Here’s some code that works out which way to move a zombie towards the player. It’s full of this kind of logic.
loop:
; if zombie dead, skip it
push bc
ld de,(ix) ; zombie xy pos
ld a,(ix+2) ; zombie dead flag
cp 0
jp z, endloop ; dead zombie, ignore
; now calculate new zombie pos
; cp flags
; Z - a==d, NZ - a != d
; C - a<d
; NC - a >d
ld bc, (playerNew) ; player position
ld a,b ; x pos player
cp d ; x pos zombie
jp z,xsame ; player/zombie on same x
jp c,xbehind ; player behind zombie on x
jp nc,xfront ; player in front of zombie on x
Code language: HTML, XML (xml)
Learn Assembly!
I highly recommend you learn assembly programming if you’re a programmer. It doesn’t matter which CPU you try to learn (picking an 8 bit one makes it easier), the process of learning it will teach you a lot.

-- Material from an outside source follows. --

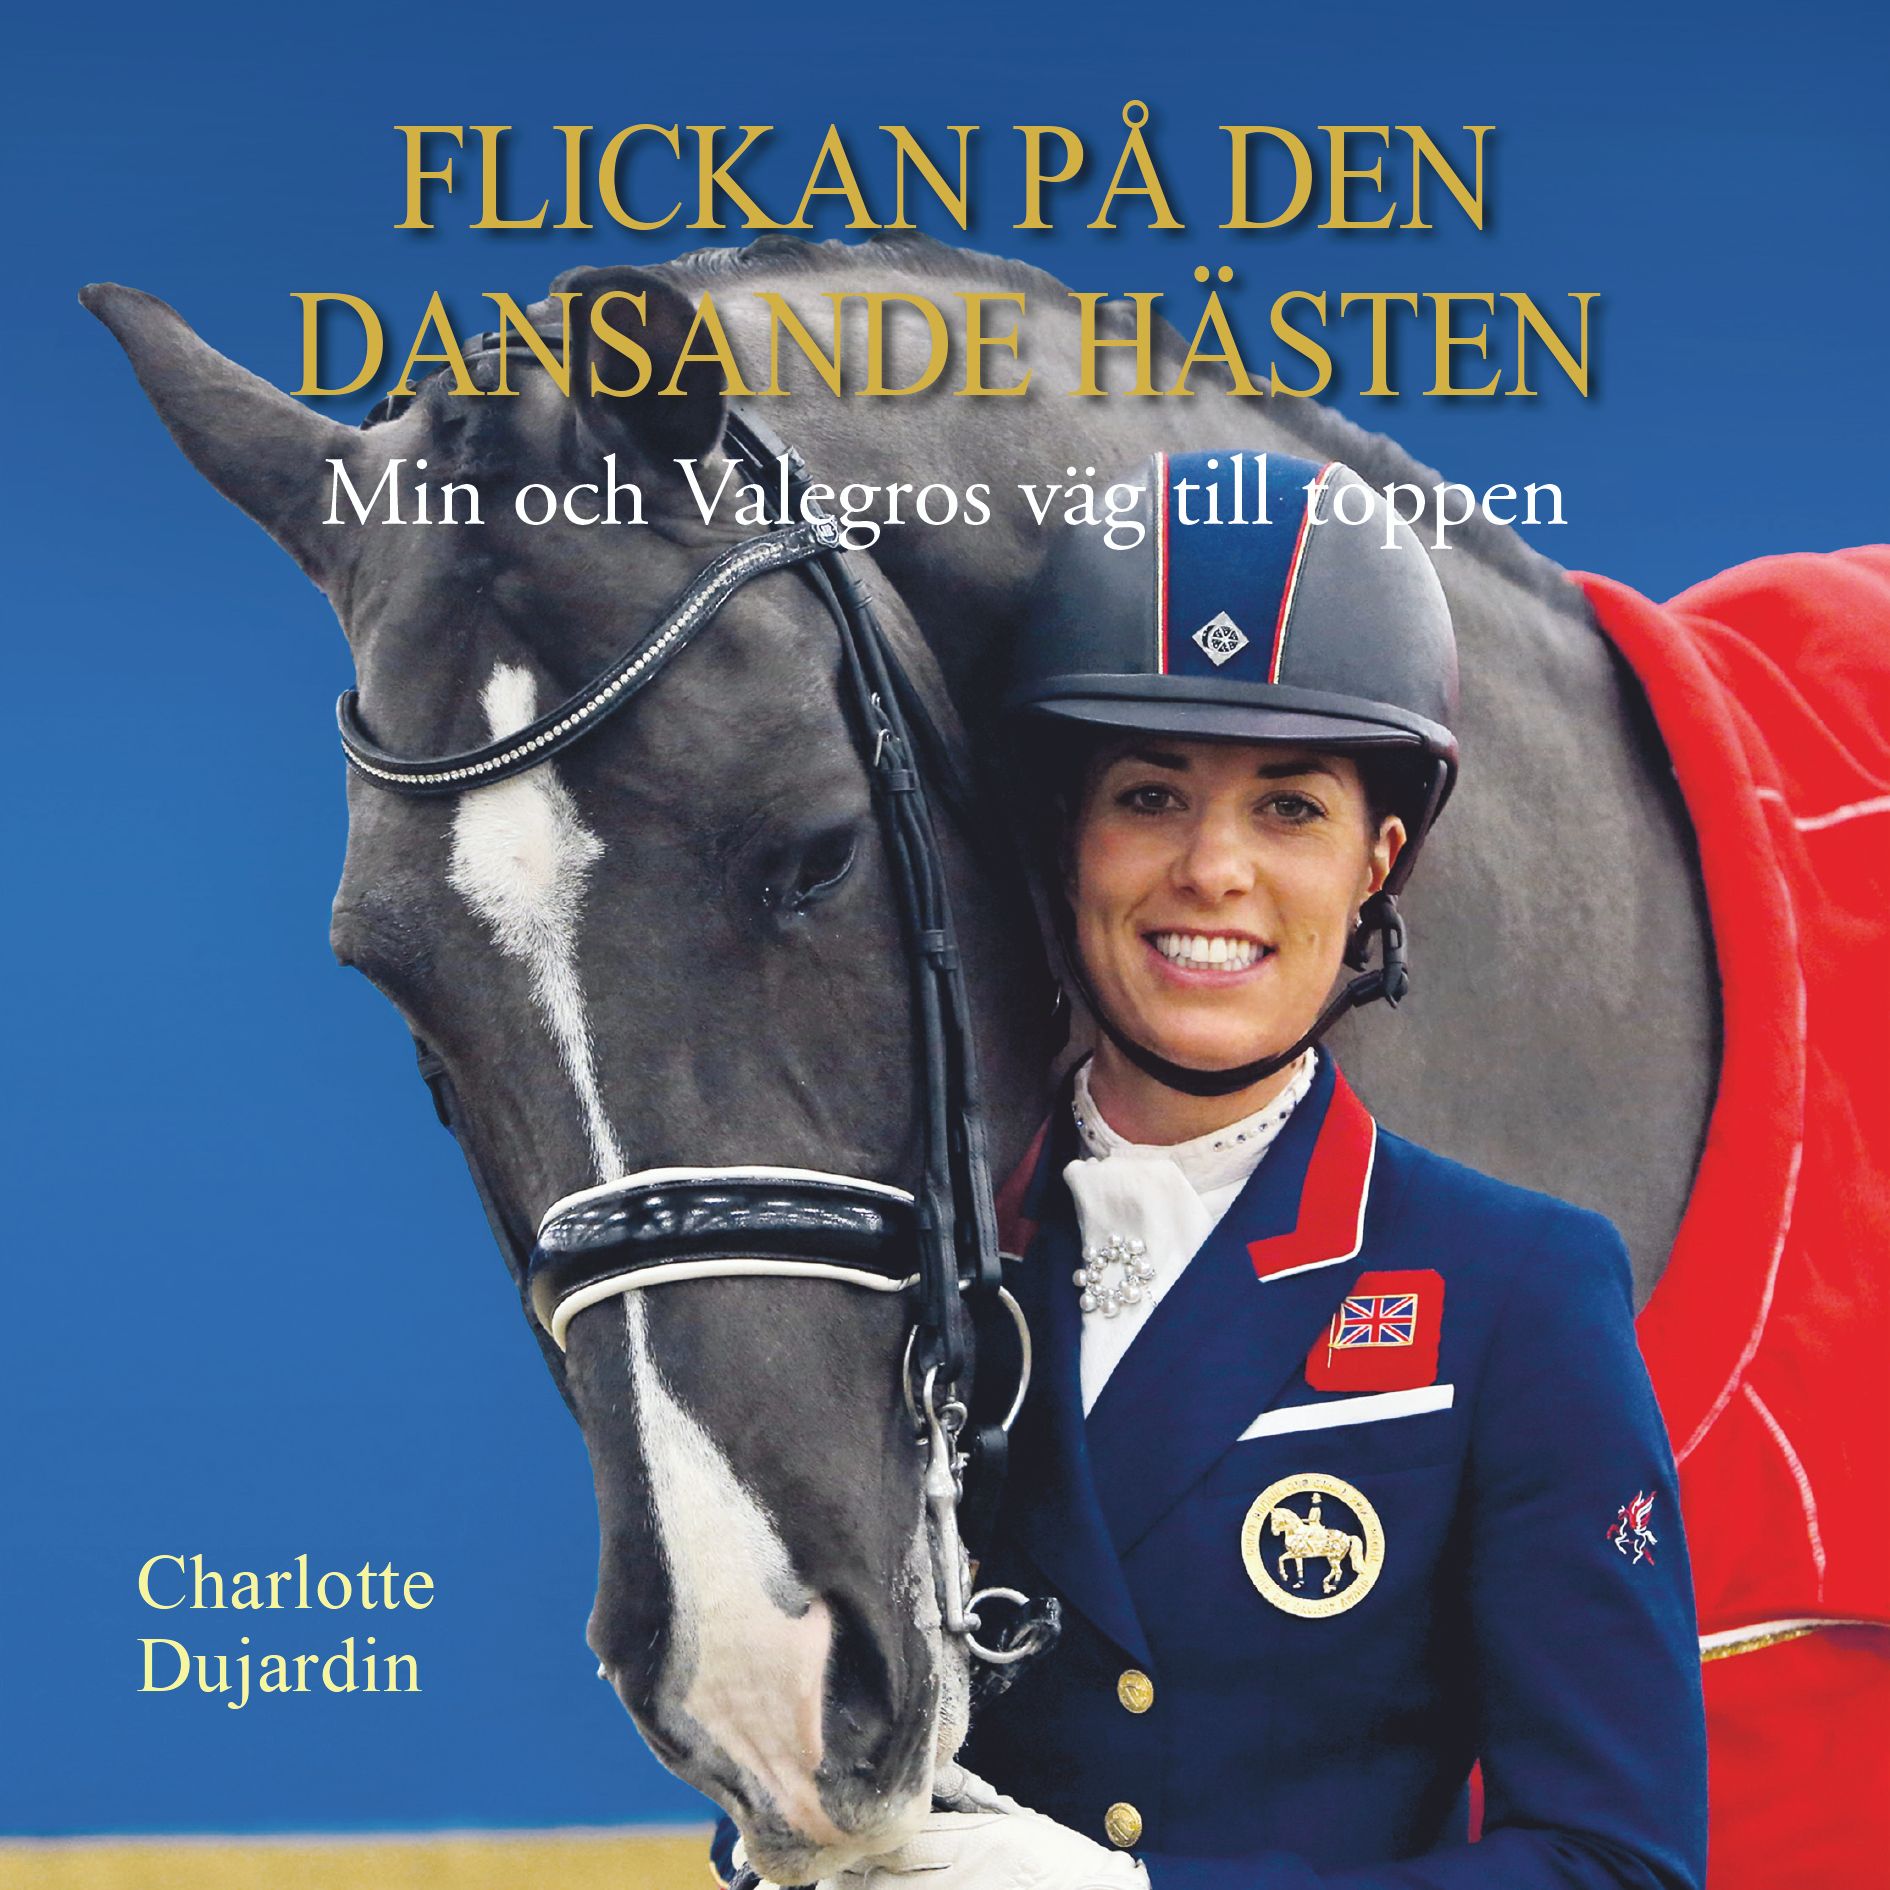 Flickan på den dansande hästen: min och Valegros väg till toppen, ljudbok av Charlotte Dujardin

There’s a specific mindset you get into when manually instructing the CPU; if you can remove one instruction the code runs faster. Sometimes you can reorganise code to use less registers.
It also massively helps with your problem solving skills. There were several moments when I had bugs, and couldn’t figure them out. My code looked like it was supposed to work but didn’t. Every single time I fixed these bugs, I learnt something new.
However if you’re going to learn assembly, do what I did and try to write a decent sized program in it. Forget the “add two numbers and print the answer” or the dry “write a program to calculate the area of a circle” type programs. Dig out a basic game or something and try to write that.
You don’t even need a computer to run your code on. Fire up an emulator of your favourite 8 bit machine and use that. I use the SJAsmPlus Z80 cross compiler, so I could develop on a modern machine and then run the code on the actual hardware. I could have easily run it on a Z80 emulator too.